Le Syndicat de la magistrature a participé le 21 janvier dernier à une conférence de presse organisée par le Collectif pour une nouvelle politique des drogues, dont nous sommes membres aux côtés d’une vingtaine d'organisations fédérant des acteurs du champ du médico-social, des usagers, des policiers, ainsi que le SAF et la LDH (Fédération addiction, Police contre la prohibition, Aides, Médecins du Monde, Asud…).

L’actualité est marquée par la volonté de parlementaires, y compris de la majorité et du groupe Les Républicains, de faire avancer la législation sur le cannabis (cf notre mail précédent sur notre audition par la mission parlementaire sur le cannabis). Une consultation citoyenne a été lancée le 14 janvier par la mission.
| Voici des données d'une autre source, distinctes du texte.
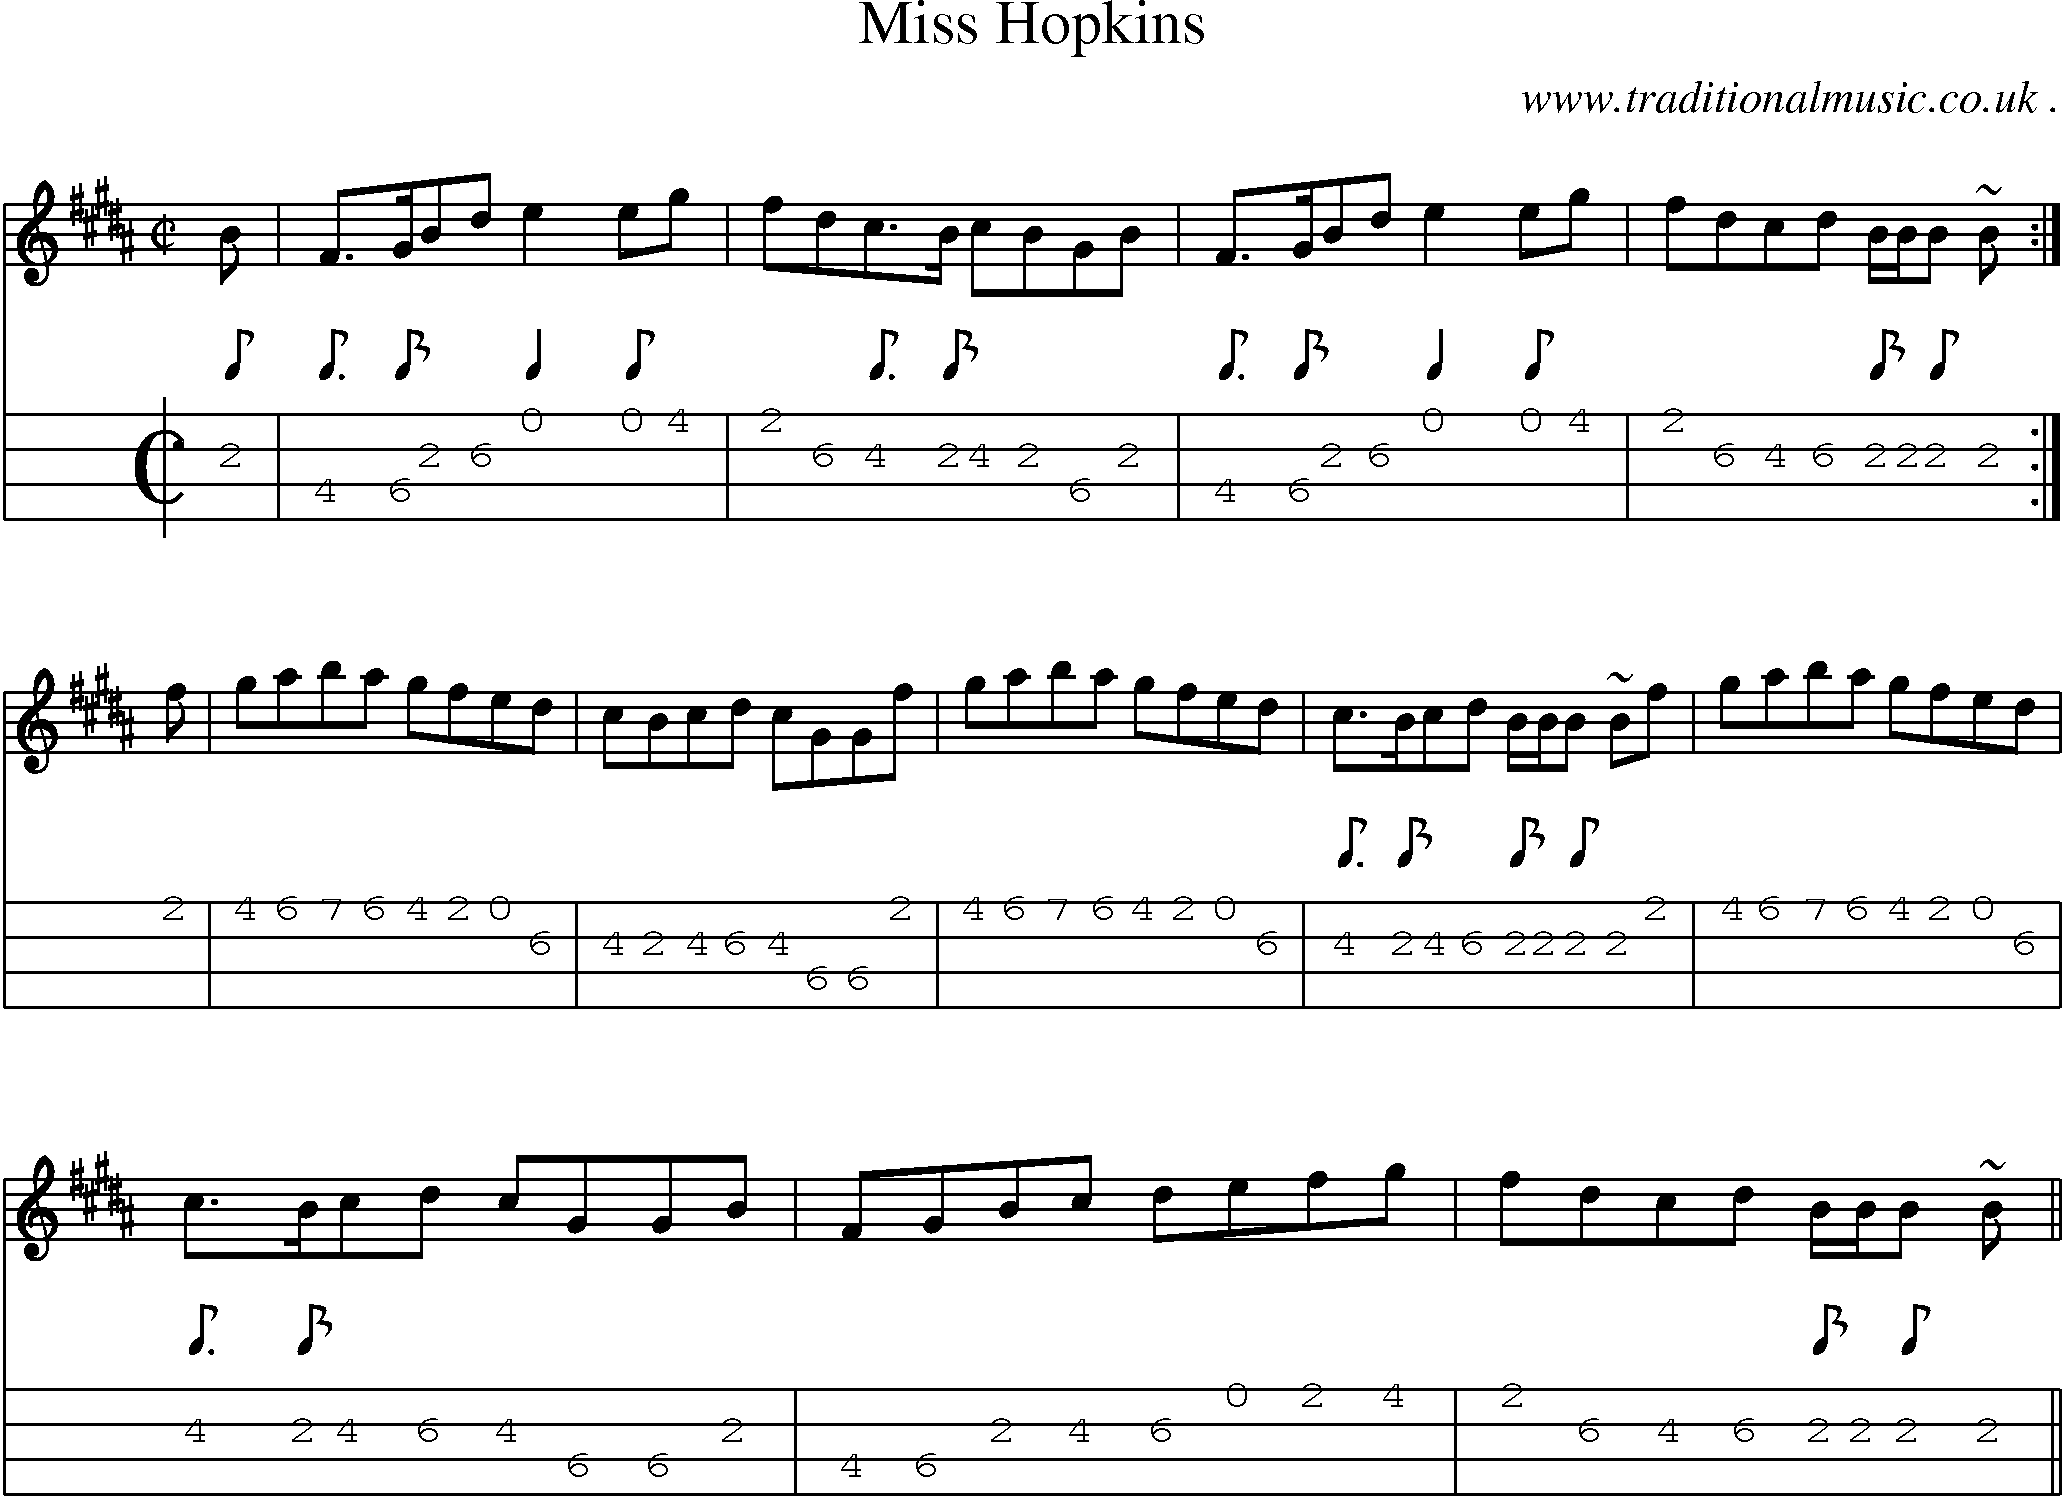 Sheet-music  score, Chords and Mandolin Tabs for Miss Hopkins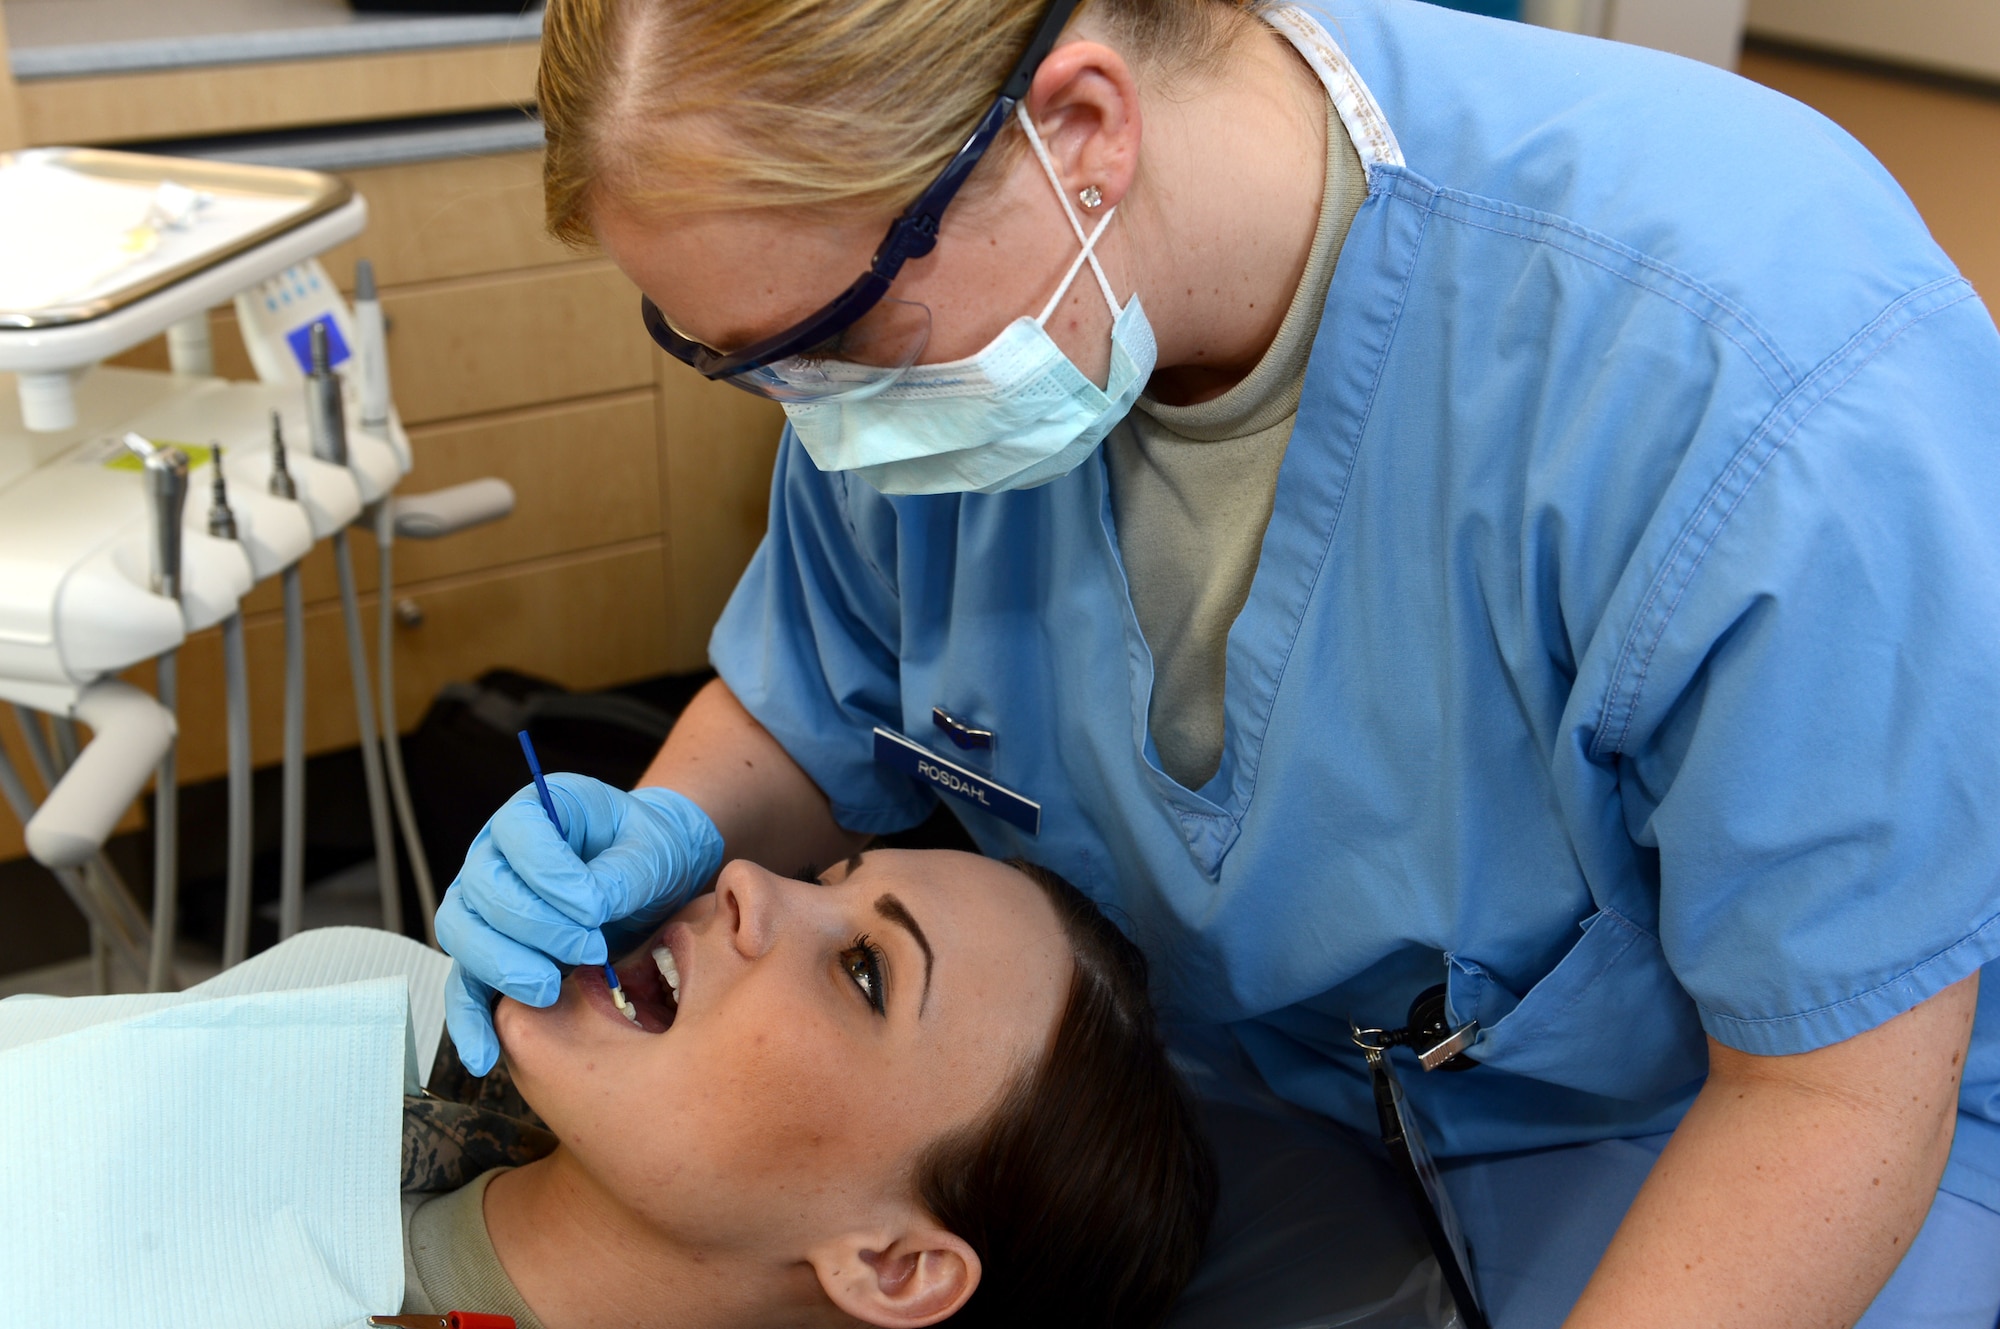 U.S. Air Force Airman 1st Class Alicia Rosdahl, 52nd Dental Squadron dental technician from Greenville, N.C., paints a fluoride treatment on the teeth of U.S. Air Force Senior Airman Victoria Perrone, 52nd DS dental technician from Chandler, Ariz., at Spangdahlem Air Base, Germany, March 28, 2014. Fluoride is used to help prevent tooth decay by protecting the teeth from bacteria in plaque. (U.S. Air Force photo by Airman 1st Class Kyle Gese/Released)

Caroline Janvier, députée LREM et rapporteure de la mission cannabis, a ainsi indiqué dans une interview cette semaine qu’elle souhaitait porter le sujet de la légalisation du cannabis pour qu’il figure au programme de l’élection présidentielle en 2022. 

Dans ce contexte, qui est aussi celui du cinquantième anniversaire de la loi de 1970 prohibant les stupéfiants, le collectif a commandé un sondage sur les perceptions des français, qu’il a rendu public lors de cette conférence de presse. Au delà de ce sondage, qui est essentiellement un élément de communication pour porter le sujet sur le devant de la scène, cet événement avait pour but de rappeler nos arguments de fond sur les limites de la politique publique mise en oeuvre, dans laquelle la répression prend le dessus et fait obstacle aux politiques de dépistage, prévention, réduction des risques et prise en charge. 

Quelques exemples de retombées presse : 
https://www.lemonde.fr/societe/article/2021/01/21/une-tres-forte-majorite-de-francaises-et-de-francais-favorables-a-un-debat-sur-la-politique-des-drogues_6067121_3224.html 
https://www.lefigaro.fr/flash-actu/drogues-la-penalisation-de-l-usage-inefficace-pour-deux-tiers-des-francais-20210121 
https://www.liberation.fr/france/2021/01/25/cinquantieme-anniversaire-de-la-loi-de-1970-la-guerre-lancee-a-la-drogue-est-un-echec_1818324 

Vous trouverez ci-joint l’infographie élaborée par le collectif et présentée lors de la conférence de presse. 

Nous poursuivrons ces actions collectives tout au long de l’année, afin d’accompagner le mouvement qui s’intensifie pour l’ouverture d’un véritable débat sur la politique publique en matière de drogues, bien loin des coups de menton d’un exécutif qui reste pour le moment sourd aux constats des professionnels de tous les champs et dont la résistance constitue aujourd’hui la principale source de blocage aux réformes.